Methods: Baseline documentation rates of smoking status and smoking cessation counseling were obtained via chart review of patients diagnosed with ankylosing spondylitis, inflammatory bowel disease (IBD)-associated arthritis, and psoriatic arthritis who were current smokers seen for follow-up (8/2017-6/2018). We implemented a four step multi-modal intervention that included: a) a modified clinic note template (effective 1/2020) with specific prompts to address tobacco use (Figure 1), b) educating providers and nurses regarding the importance of counseling and template adherence, c) introducing a paper slip on top of intake documents to remind providers to inquire about smoking, and d) equipping the clinic with brochures on cessation resources. Preliminary post-intervention data from follow-up visits were collected until the novel coronavirus disease 2019 (COVID-19) outbreak altered clinic workflow (1/2020-3/2020). Differences in documentation rates pre- and post-intervention were analyzed using Fischer’s exact test.
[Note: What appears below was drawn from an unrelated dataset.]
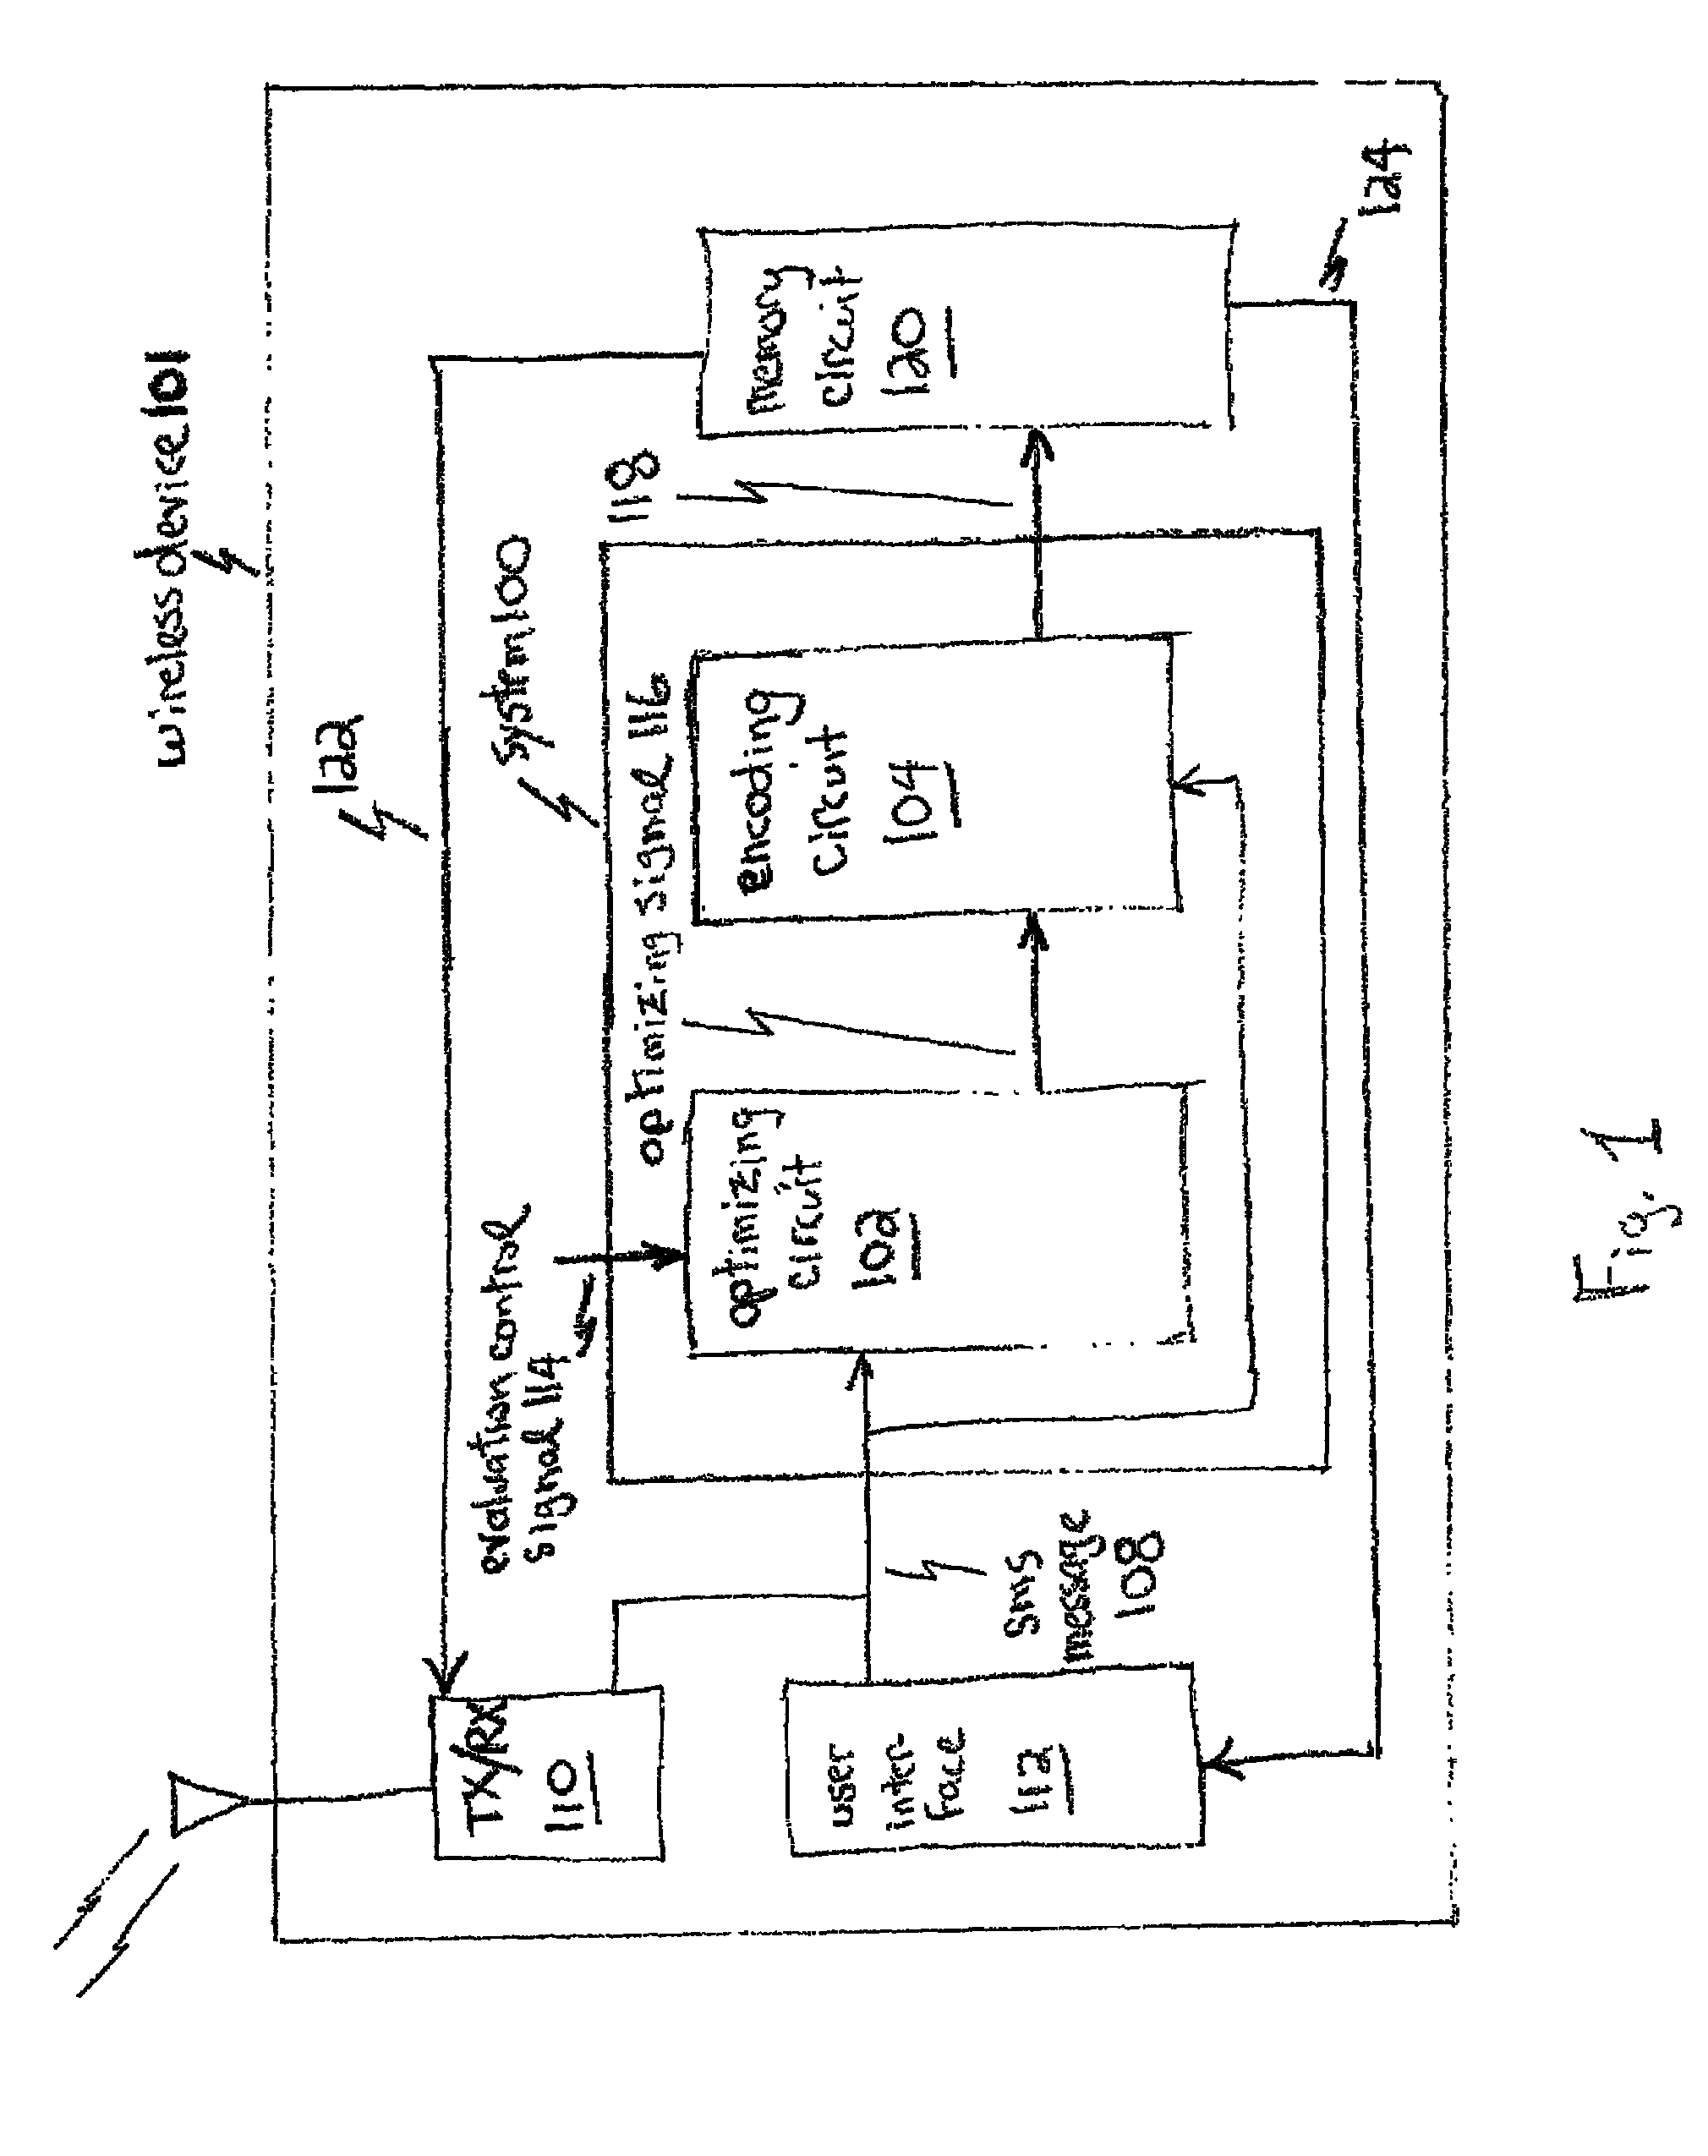 System and method for optimal short message service (SMS) encoding in a wireless communications device
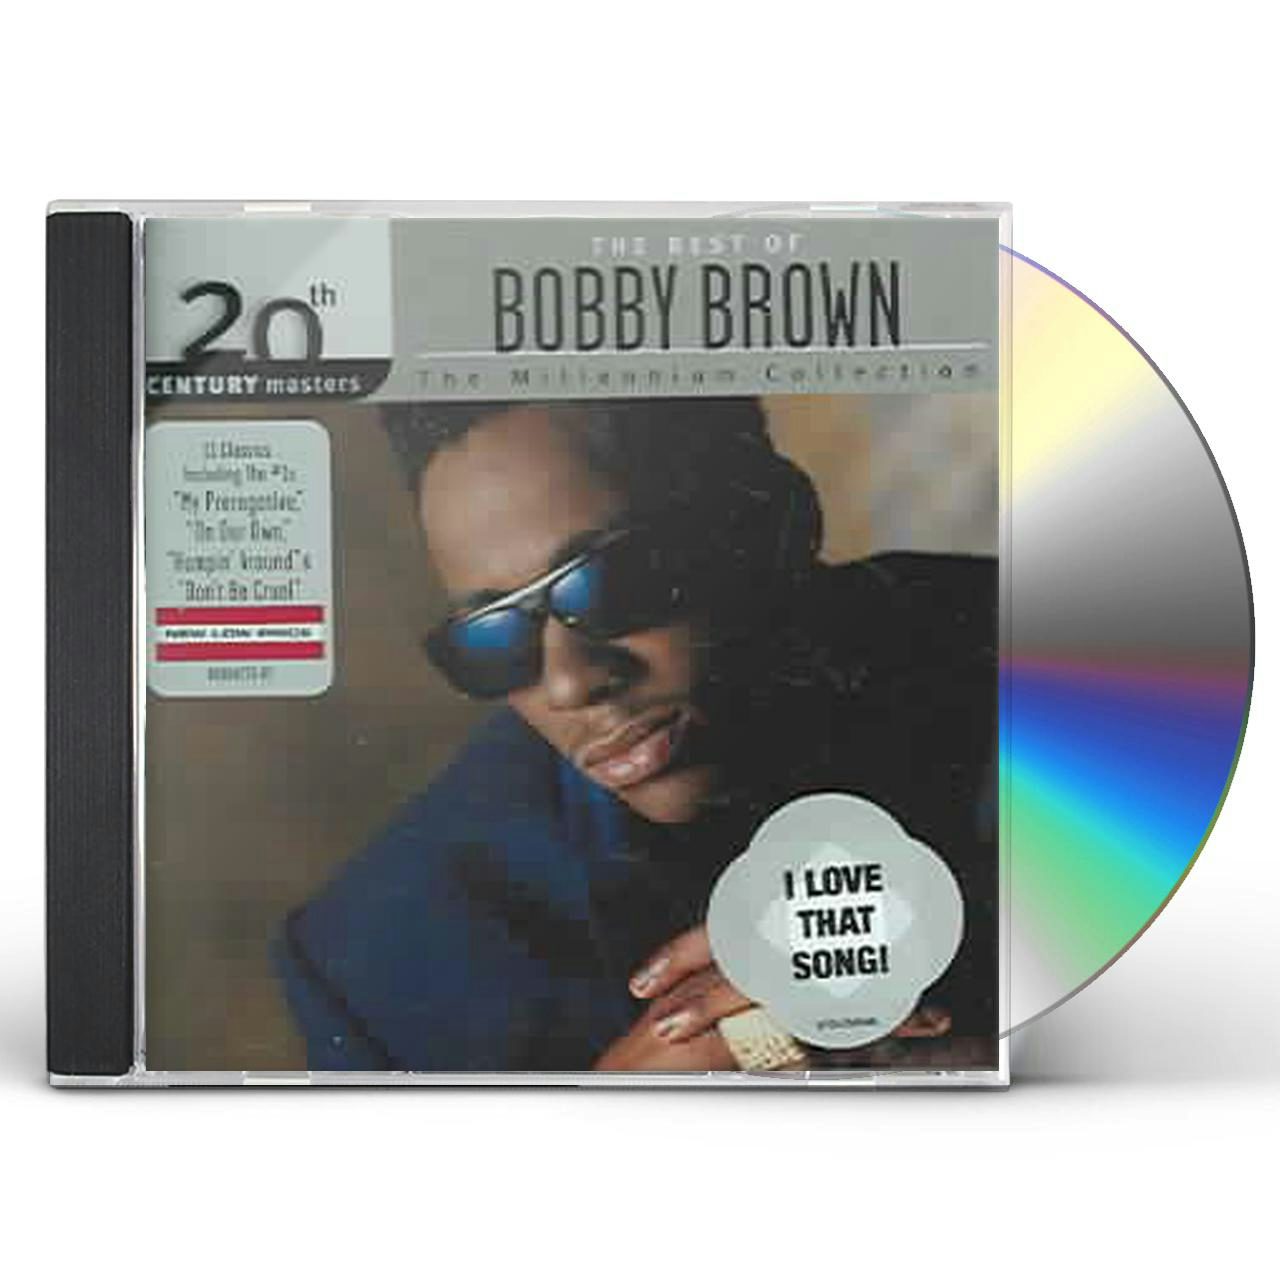 Bobby Brown 20TH CENTURY MASTERS: MILLENNIUM COLLECTION CD

Results: In the pre-intervention phase, 50 smokers were identified among 498 SpA patients, indicating a 10% baseline smoking rate. Rheumatologists documented smoking status for 92% of smokers and smoking cessation counseling for 12% of smokers. In the early post-intervention phase, we identified 13 smokers (15%) among 87 SpA patients. Utilization of the modified clinic note template was 30% (26/87). With our multi-modal intervention, the smoking status documentation rate remained at 92%, while the counseling documentation rate increased to 38.5% (Figure 2).
Conclusion: The baseline documentation rate of smoking cessation counseling for SpA smokers is low among rheumatology providers. Because of the COVID-19 outbreak, reduced outpatient volumes and unanticipated changes in clinic workflow have imposed limitations on post-intervention data collection. Nevertheless, our preliminary data suggest that a multi-modal intervention can improve documentation of smoking cessation counseling; this improvement may be sustainable with continued staff education on counseling and consistent template use. Our next steps will involve evaluation of receipt of smoking counseling and further reduction in smoking rates.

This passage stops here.